Hidden Assumptions in openstatus
13 assumptions this code never checks · 4 critical · spanning Environment, Temporal, Resource, Scale, Contract, Ordering, Domain
Every codebase relies on things it never checks. Most of them are routine. CodeSea looked at openstatushq/openstatus and picked out the few most likely to cause trouble. The full list is just below.
Most of what this code assumes is routine. These 3 are the ones most likely to cause trouble here. The rest are minor; they're under "Show everything".
If the API key is invalid, expired, or lacks permissions, all monitor checks fail silently without alerting operators - the checker appears to run but produces no results
Screenshot capture fails silently during high incident volume when multiple Chromium instances exhaust container memory, leaving incidents without visual evidence
When Railway adds new regions or changes region identifiers, requests route to undefined targetUrl causing panic, taking down the entire proxy service
Show everything (10 more)
Monitor configuration updates can wait up to 10 minutes to be picked up by checker agents
If this fails: Critical monitors added during outages won't be checked for up to 10 minutes, and disabled monitors continue running unnecessary checks, wasting resources and potentially triggering false alerts
apps/checker/cmd/private/main.go:configRefreshInterval
MonitorResult payloads from regional checkers always include cronTimestamp as Unix milliseconds in the same timezone
If this fails: If checkers send timestamps in different formats or timezones, incident timing becomes corrupted, causing false recovery notifications and incorrect SLA calculations
apps/workflows/src/checker/index.ts:payloadSchema
Only one incident can be open per monitor at any given time
If this fails: If multiple incident creation requests race during rapid status changes, duplicate incidents are created but only one gets resolved, leaving phantom open incidents that block future incident creation
apps/workflows/src/checker/index.ts:findOpenIncident
Custom domain hostnames always have exactly 3+ segments separated by dots, with the subdomain as the first segment
If this fails: Status pages hosted on unusual domains (e.g., single-level domains, IPv6 addresses, or domains with multiple subdomain levels) are misrouted, showing wrong status pages or 404 errors to customers
apps/status-page/src/lib/resolve-route.ts:resolveRoute
OAuth profile objects from Google and GitHub providers always contain expected fields (given_name, family_name, picture, avatar_url)

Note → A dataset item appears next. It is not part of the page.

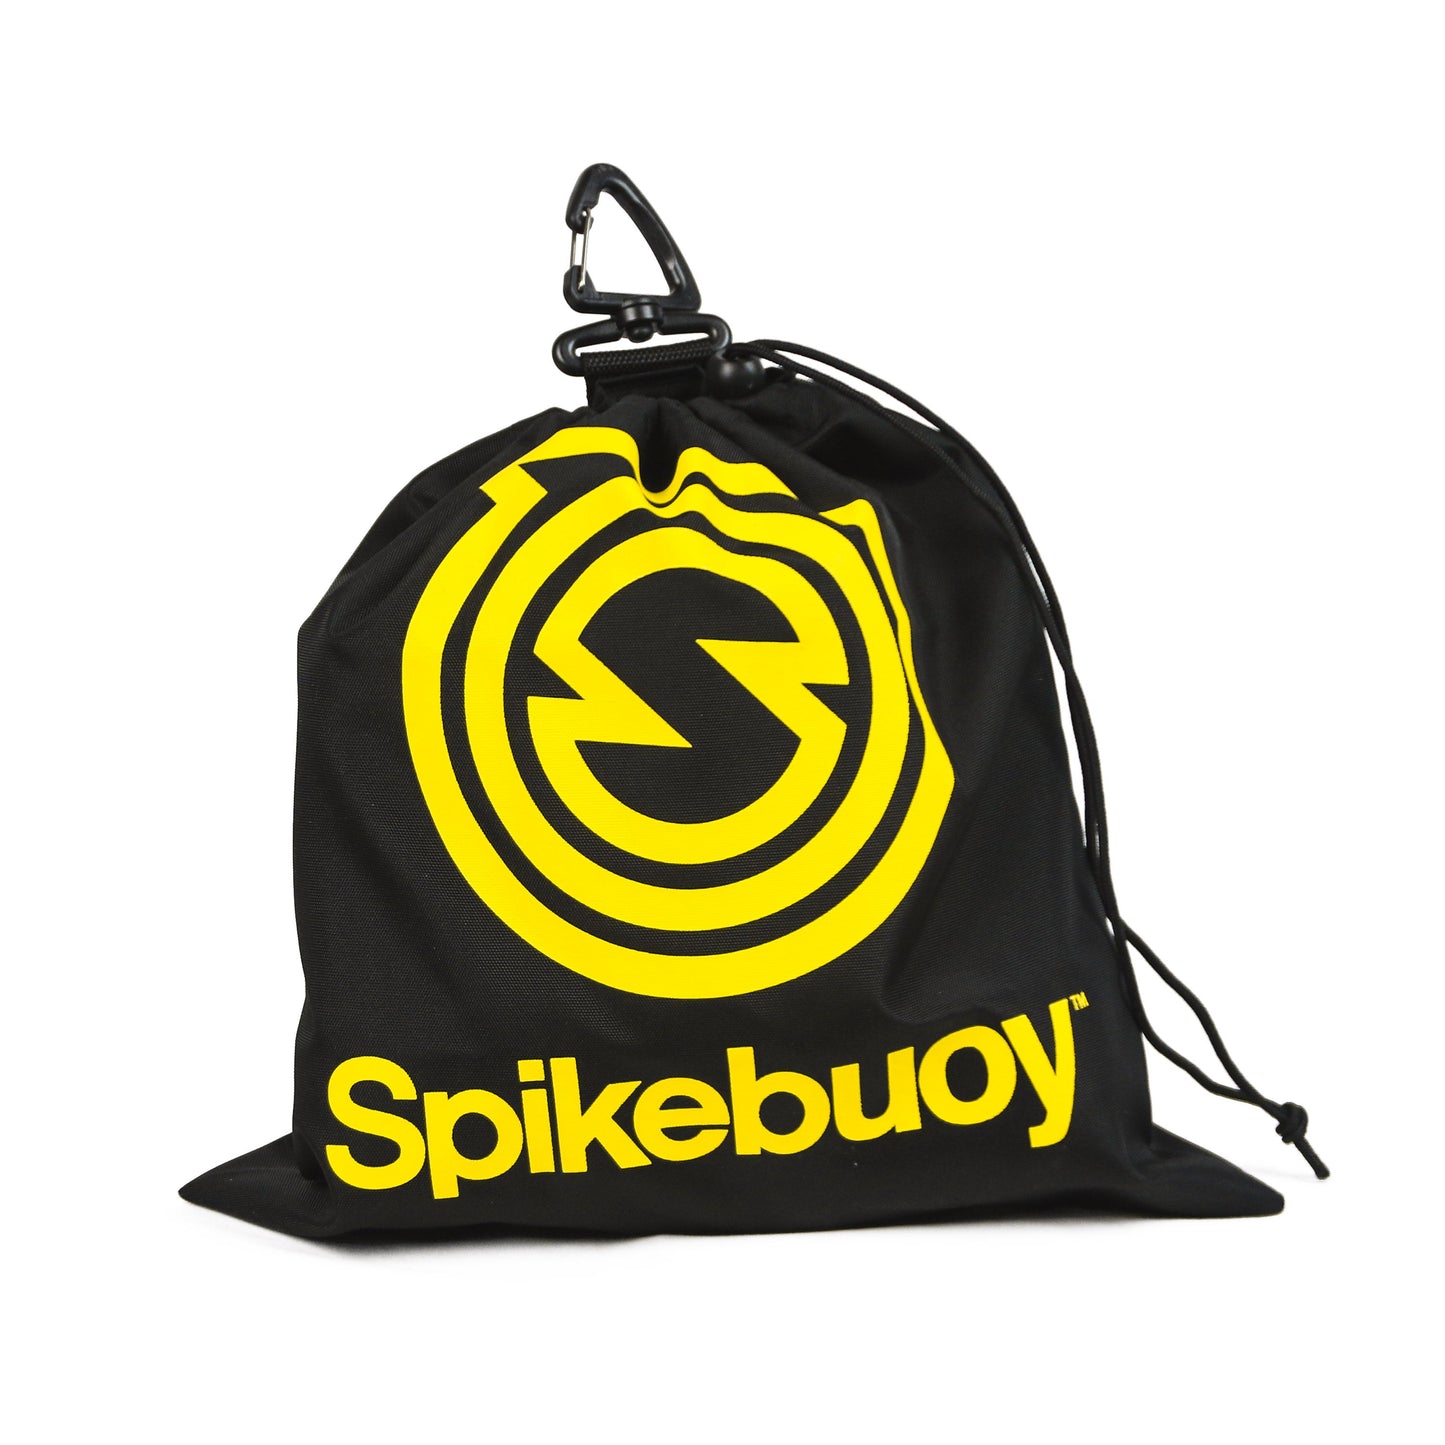 Spikeball Spikebouy
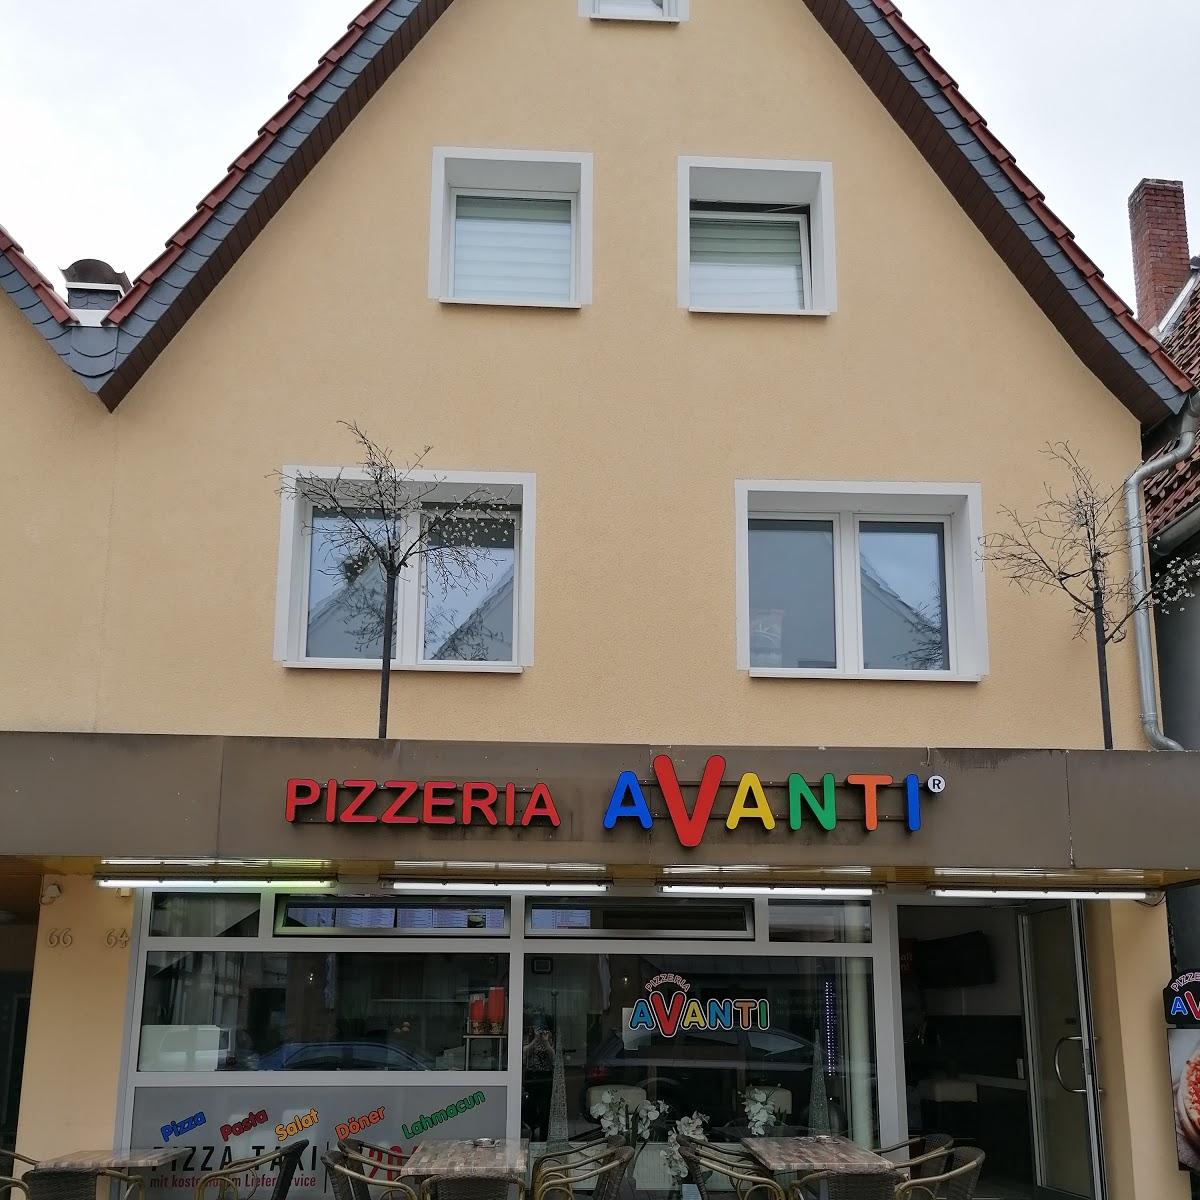 Restaurant "Pizzeria Avanti" in Horn-Bad Meinberg

If this fails: Authentication succeeds but user profile updates fail silently when OAuth providers change their response schema, leaving users with incomplete profiles and broken avatars
apps/dashboard/src/lib/auth/index.ts:signIn
Screenshot filenames using Date.now() are globally unique across all incident captures
If this fails: Simultaneous incident screenshots for the same incident ID overwrite each other in R2 storage, leaving only the last screenshot and losing evidence of the incident progression
apps/screenshot-service/src/index.ts:Date.now
AXIOM_TOKEN environment variable provides unlimited log ingestion quota
If this fails: When Axiom quota is exceeded, all application logging silently stops without fallback, making debugging production issues impossible during high-traffic periods
apps/server/src/index.ts:configure
All cleanup operations complete within the hardcoded 5-second shutdown timeout
If this fails: Long-running monitor checks or database connections are forcibly terminated during deployment, potentially corrupting incident state or losing check results
apps/private-location/cmd/server/main.go:gracefulShutdown
CRON_SECRET environment variable is kept secret and never logged or exposed in error messages
If this fails: If the cron secret leaks, attackers can trigger expensive checker tasks and email campaigns, overwhelming external APIs and inflating cloud costs
apps/workflows/src/cron/index.ts:env().CRON_SECRET
20% sampling rate for successful requests is sufficient for observability without overwhelming log storage
If this fails: During incidents affecting successful requests, the low sampling rate may miss critical debugging information, while high-traffic services generate massive log volumes that exceed storage budgets
apps/checker/cmd/server/main.go:shouldSample
See the full structural analysis of openstatus: the pipeline, data models, and system behavior that put these assumptions in context.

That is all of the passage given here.